Data presented in this study suggest that the cellular adhesion molecule Tenm3 plays an important role in SCN connectivity without disrupting the circadian clock and, specifically, influences the response to phase-advancing light stimuli. These results are the first to show that Tenm3 is critical for establishing M1 ipRGC axon innervation to select SCN cell types and for regulating VIP-AVP connectivity within the SCN. Loss of Tenm3 has profound effects on the sensitivity of the SCN since Tenm3^-/- mice exhibit increased apparent VIP-AVP synaptic connectivity and increased sensitivity to dim light stimuli. Thus, a unique behavioral response of Tenm3^-/- mice is resistance to “jet-lag” induced by phase-advancing, but not phase-delaying, light cues.

If Tenm3 is required for SCN development along with maintenance and/or function in the adult, why do Tenm3^-/- mice rapidly re-entrain to phase advances? Interestingly, removal of the AVP receptors V1a and V1b leads to rapid re-entrainment similar to what we observe in Tenm3^-/- mice [9]. In contrast to our observations in Tenm3^-/- mice, however, V1a^-/-; V1b^-/- mice rapidly re-entrain to both phase advances and delays. This can be mimicked through pharmacological blockade using V1a and V1b antagonists, suggesting that AVP-mediated inter-neuronal communication underlies the timing of re-entrainment observed in wild-type animals to a jet-lag paradigm [9]. If Tenm3 is only weakly expressed in AVP neurons, how then could it play a significant role in AVP signaling?
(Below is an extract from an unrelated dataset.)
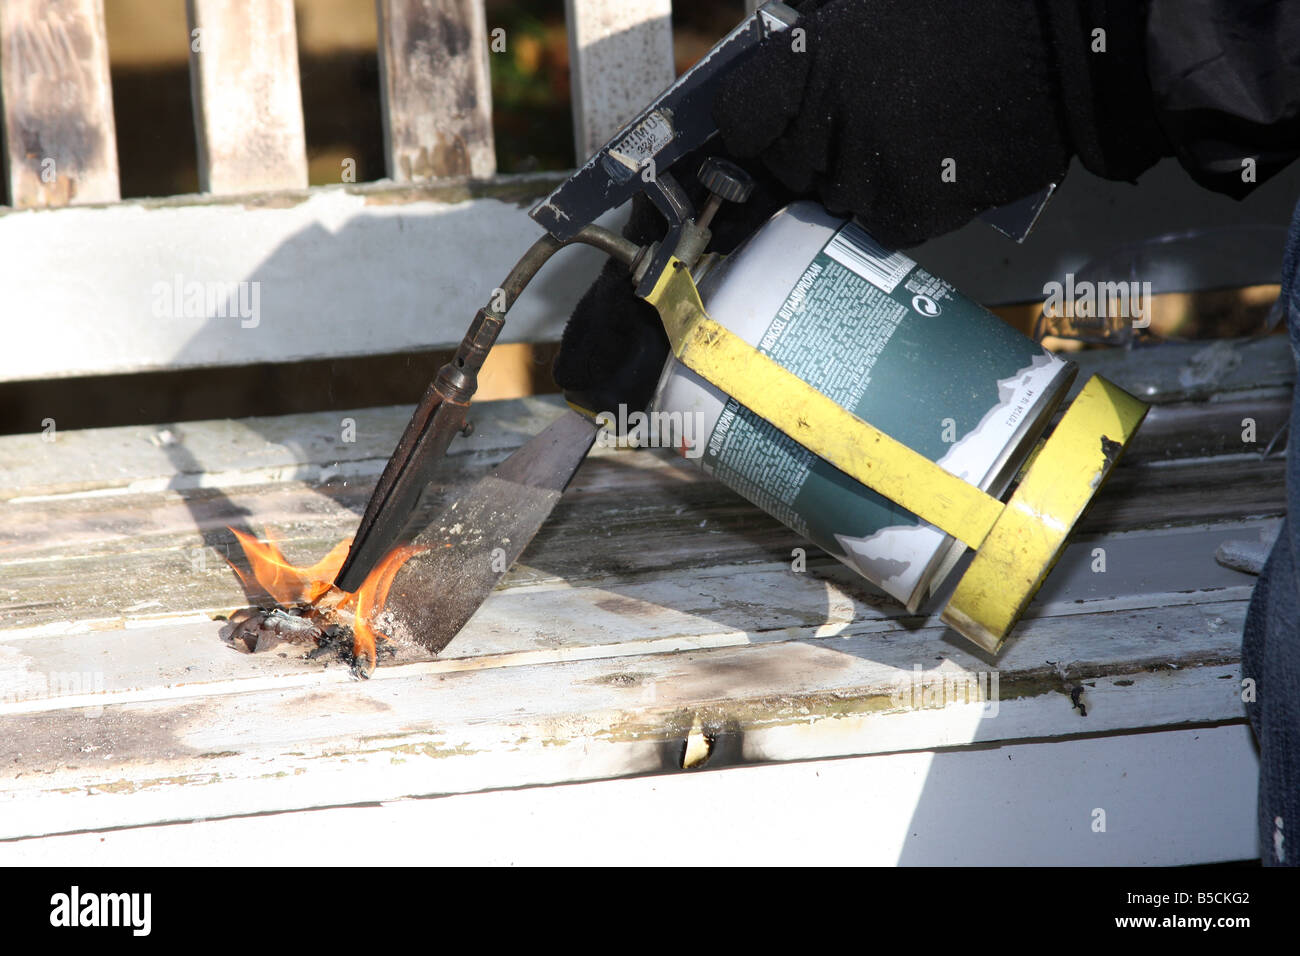 Unter Verwendung eines Gas-Lötlampe und Schaber, um alten Farbe von einem Garten-Sitzplatz vor dem Neuanstrich zu verbrennen. Stockfoto

Recent studies identify a high degree of synaptic connectivity not only among similar SCN cell types, but also between distinct neuronal populations in the SCN core and shell [29]. Notably, almost all VIP neurons form multiple synaptic contacts onto AVP cells [29]. Therefore, one hypothesis is that loss of Tenm3 in VIP cells alters VIP-AVP connectivity, consistent with observations in this study, thus influencing AVP signaling and leading to rapid re-entrainment following phase shifts.
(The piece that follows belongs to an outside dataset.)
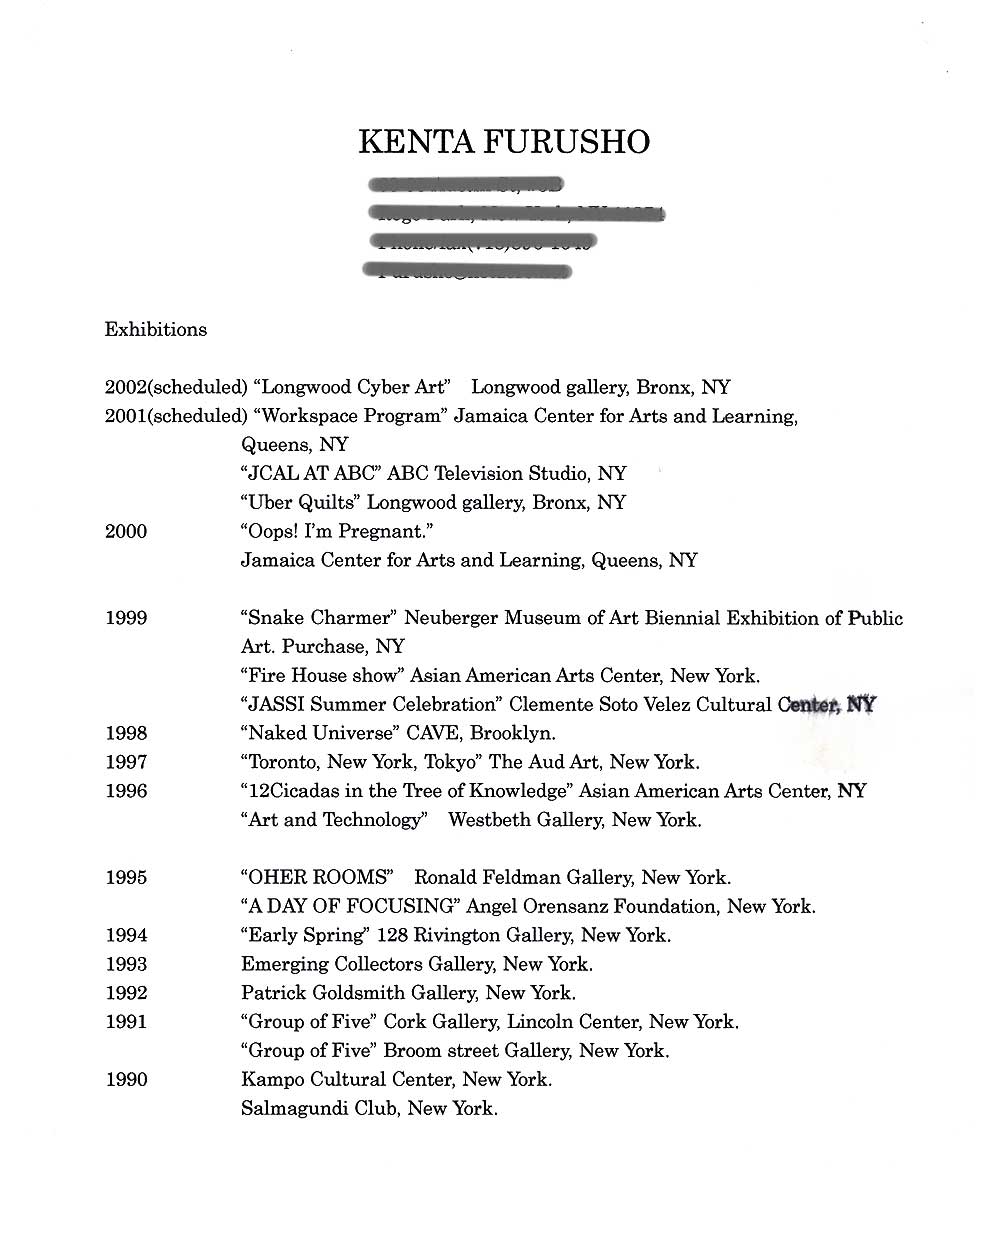 Kenta Furusho's Resume, pg 1

AVP signaling is equally important for re-entrainment following both phase advances and delays [9]. Our unexpected observation that Tenm3^-/- mice rapidly re-entrain to phase advances, but not delays, raises the following question: How can the distinct behavioral responses to phase shifts we observe in Tenm3^-/- mice be explained at the molecular level? One possibility that is gaining recent support in the field is that there are multiple signals and/or circuits which mediate the phase advancing versus delaying effects of light on the circadian clock [30,31]. Consistent with this idea, only phase-advancing, but not delaying, light stimuli activate the SCN shell, where the AVP neurons reside [23]. This suggests that AVP cells found in the SCN shell are preferentially activated only in response to phase-advancing light and is consistent with activating more AVP neurons having the opposite effect as observed in V1a^-/-; V1b^-/- mice. Therefore, our prediction is that the increased synaptic inhibitory input from VIP onto AVP neurons we observe in Tenm3^-/- mice should lower AVP activation and thus mimic the phase-advancing effects of light observed in V1a^-/-; V1b^-/- mice. How re-entrainment to delays is enhanced in V1a^-/-; V1b^-/- mice is still not known but it appears to be independent of Tenm3.
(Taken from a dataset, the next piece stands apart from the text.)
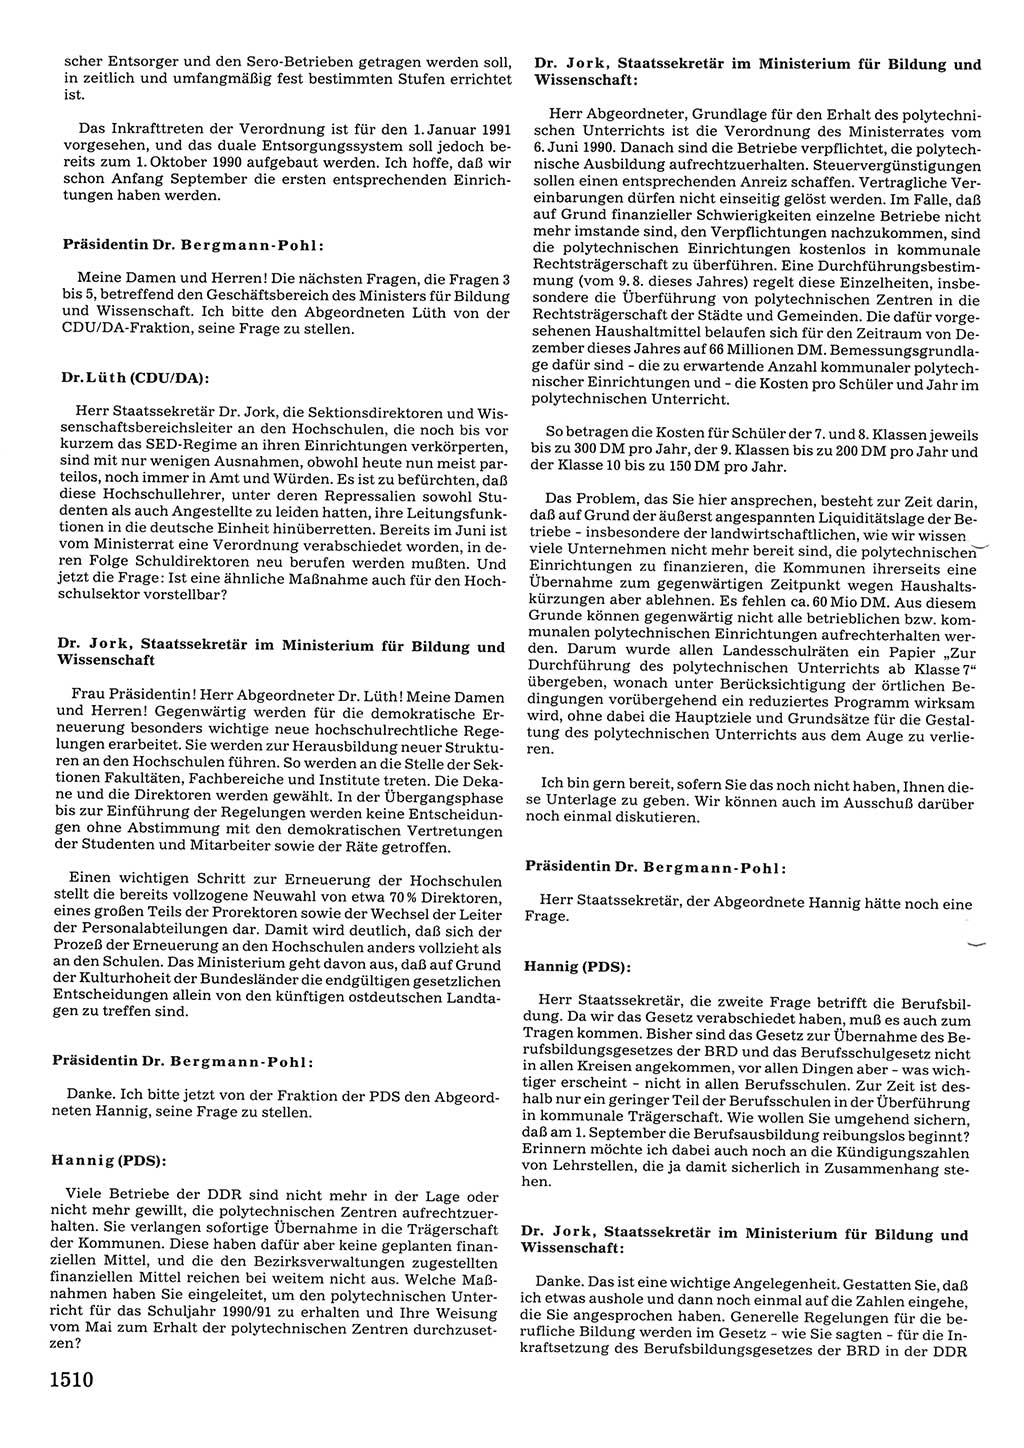 Tagungen der Volkskammer (VK) der Deutschen Demokratischen Republik (DDR), 10. Wahlperiode 1990, Seite 1510 (VK. DDR 10. WP. 1990, Prot. Tg. 1-38, 5.4.-2.10.1990, S. 1510)

VIP-AVP connectivity plays a critical role in regulating the sensitivity of the SCN to light. Under normal circumstances, the master circadian clock processes light information and responds with gradual changes, coordinating numerous tissues and hormones to work in synchrony [6]. It would be evolutionarily problematic for the SCN pacemaker to be hypersensitive to subtle changes in light signaling. Here, we demonstrate that Tenm3 is a necessary component of VIP-AVP signaling, maintaining SCN sensitivity to light which is critical for physiological interactions with the environmental light/dark cycle. Our data support the notion that Tenm3 is not exclusive to image-forming visual system circuit assembly and function, and we show here for the first time it also plays a key role in establishing neuronal connectivity in a non-image-forming visual brain region.